The modern snow samples were melted at 4 °C, and 5–10 ml of each sample were centrifuged at 5000 × g for 10 min to obtain a pellet. The pellets from five replicate samples collected at each site were pooled and used for DNA extraction. Genomic DNA was extracted from each pellet using a FastDNA spin kit for soil (Qbiogene) with a Multi-beads shocker (Yasui Kikai) at 2500 rpm for 30 s. All DNA extractions were conducted on a class 100 clean bench (Sanyo, Japan), and subsequent procedures were carried out on another class 100 clean bench.
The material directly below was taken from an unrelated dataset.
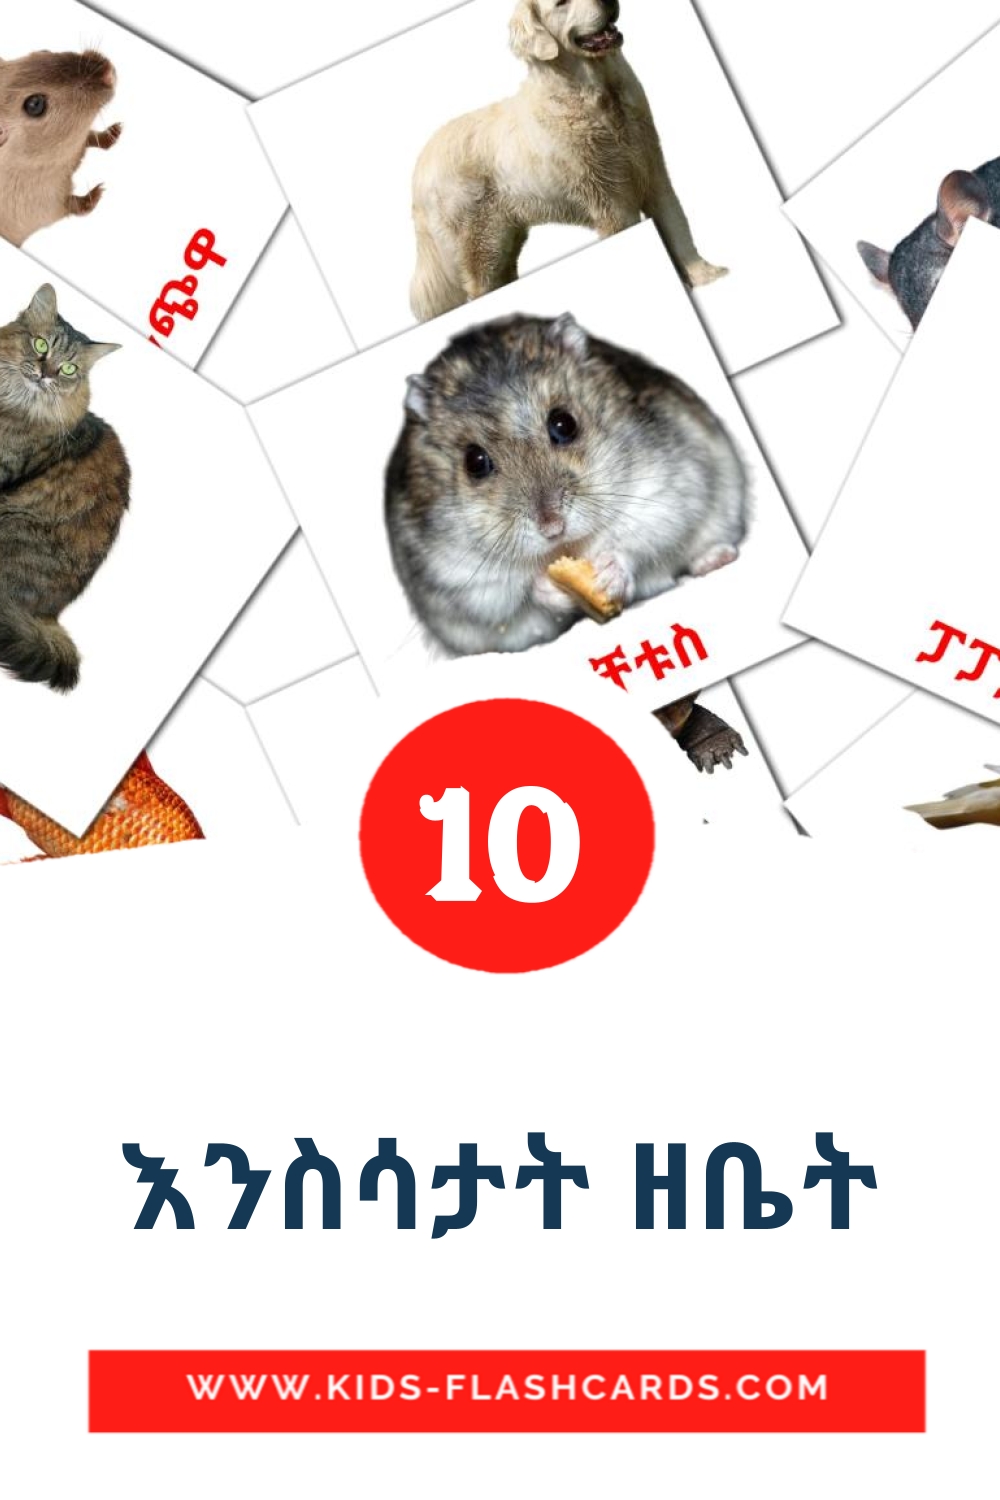 እንስሳታት ዘቤት на тигринья(Эритреи) для Детского Сада (10 карточек)

ITS2 region amplicon sequencing

The ITS2 region was amplified by PCR using primers c and b (5′-GCATCGATGAAGAACGCAGC-3′ and 5′-GGGATCCATATGCTTAAGTTCAGCGGGT-3′, respectively; [27]) with Illumina overhang adaptor sequences at their 5′ ends. Each PCR mixture (25 μl) contained 1 × KAPA HiFi HS ReadyMix (Kapa Biosystems, USA), 0.2 μM of each primer, and 2–4 μl template DNA. The PCR cycling conditions were as follows: initial annealing at 95 °C for 3 min, followed by 25 cycles (for modern samples) or 45 cycles (ice-core samples) at 95 °C for 30 s, 50 °C for 30 s, and 72 °C for 60 s, with a final extension at 72 °C for 5 min. The amplicons with Illumina overhang adapter sequences were generated in triplicate, and each amplicon was pooled before index PCR. The PCR products were labeled with two sample-specific indices each containing a sample-unique index [28] and Illumina adapter sequences at their 5′ end (Nextera XT index kit v2, Illumina). The PCR mixture (10 μl) contained 1×KAPA HiFi HS ReadyMix, 2 μl each of forward and reverse primers, and 1 μl of the recovered PCR products. PCR was performed under the following cycling conditions: 95 °C for 3 min, followed by 8 cycles of 95 °C for 30 s, 55 °C for 30 s, and 72 °C for 60 s, with final extension at 72 °C for 5 min. After agarose gel electrophoresis, PCR products were excised from the gel and purified using the NucleoSpin Gel and PCR clean-up kit (Macherey-Nagel, Germany). Tagged amplicons were mixed with PhiX control DNA at a ratio of 80:20 and used as a template for MiSeq paired-end sequencing (2 × 300 bp) using Reagent kit v3 (Illumina). To avoid index switching with MiSeq [28], two separate MiSeq runs were carried out for the ice-core and modern samples.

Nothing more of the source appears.